▶ [Data below]:

▬▬▬▬▬▬

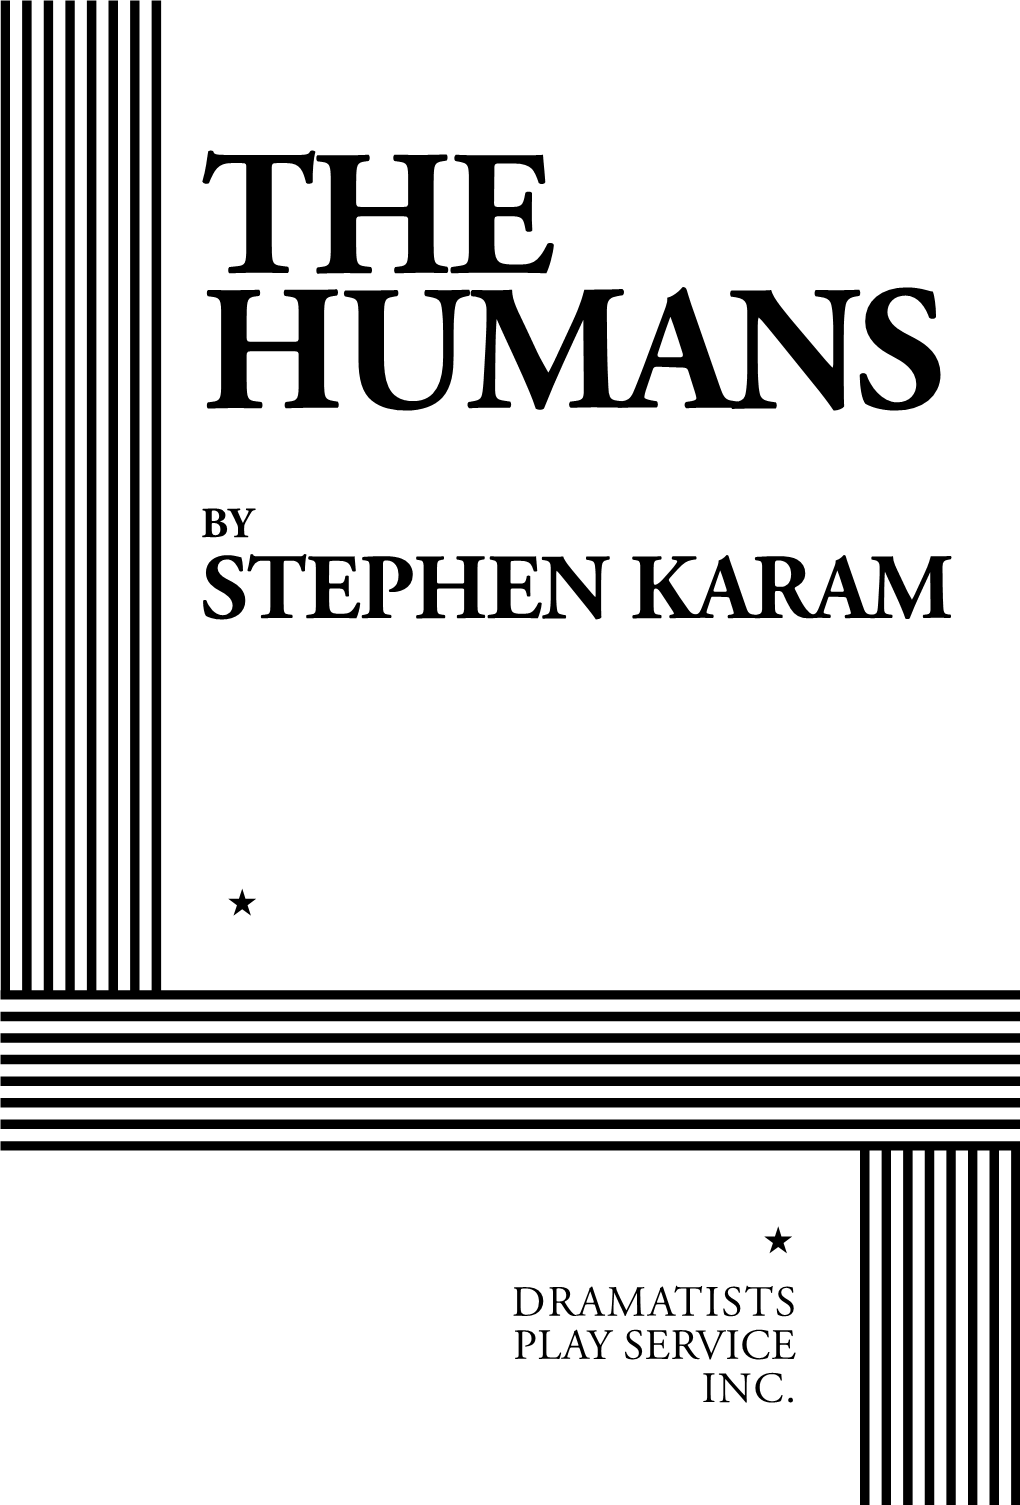 THE HUMANS by Stephen Karam Wininer of the 2016 Tony Award for Best Play
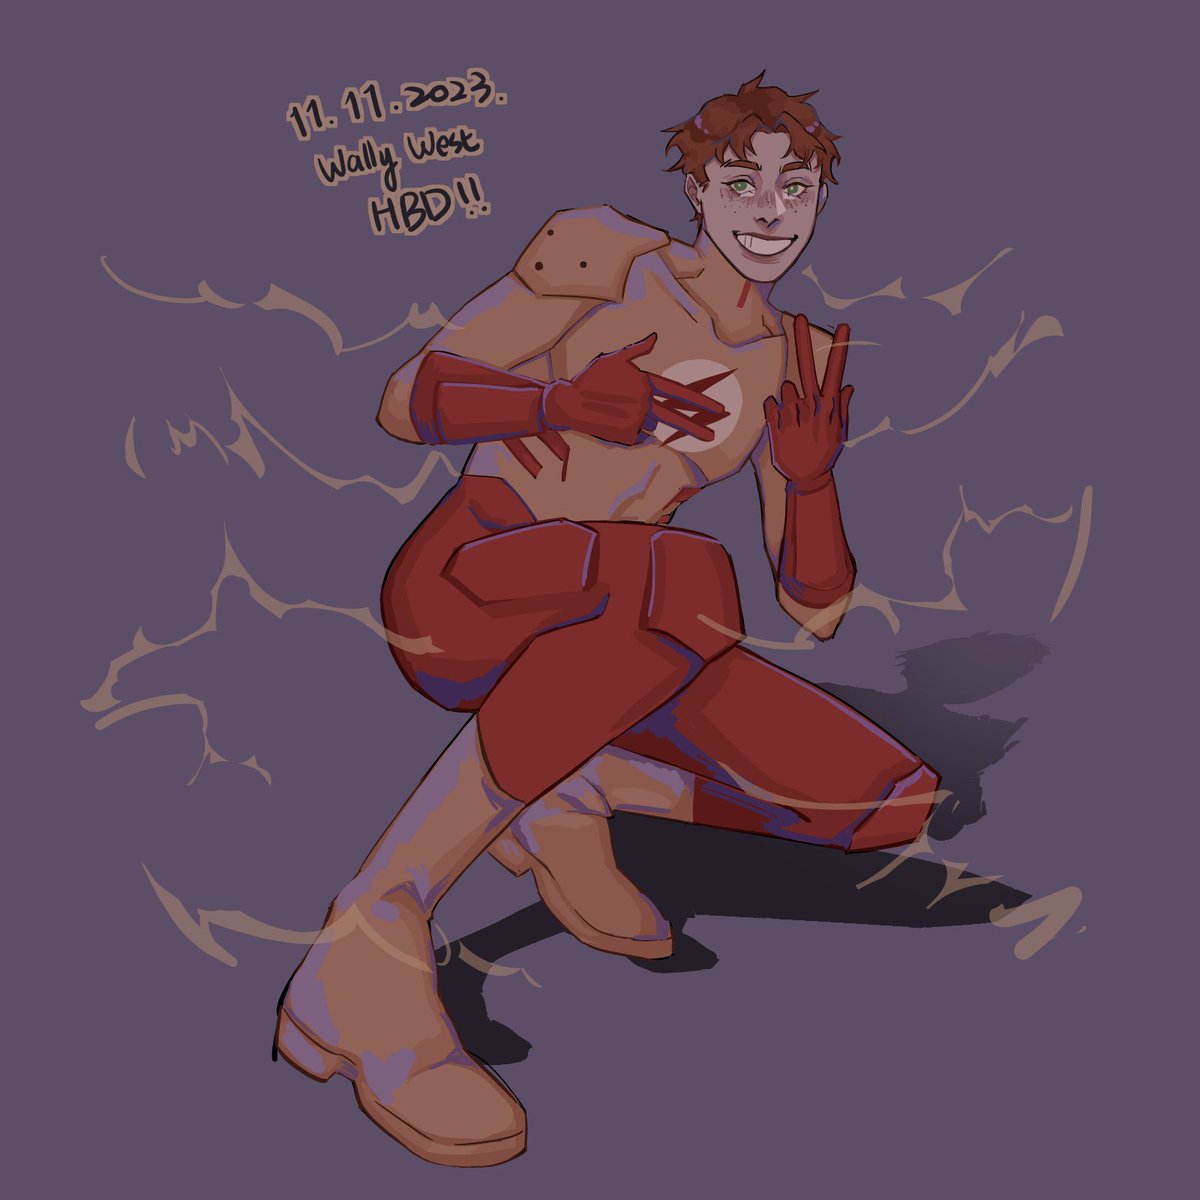 I'm late.
#WallyWest #KidFlash #YoungJustice

▬▬▬▬▬▬

In transcribing the lines above, omit the images and keep all else exact.

 THE HUMANS by Stephen Karam Wininer of the 2016 Tony Award for Best Play
 I'm late.
#WallyWest #KidFlash #YoungJustice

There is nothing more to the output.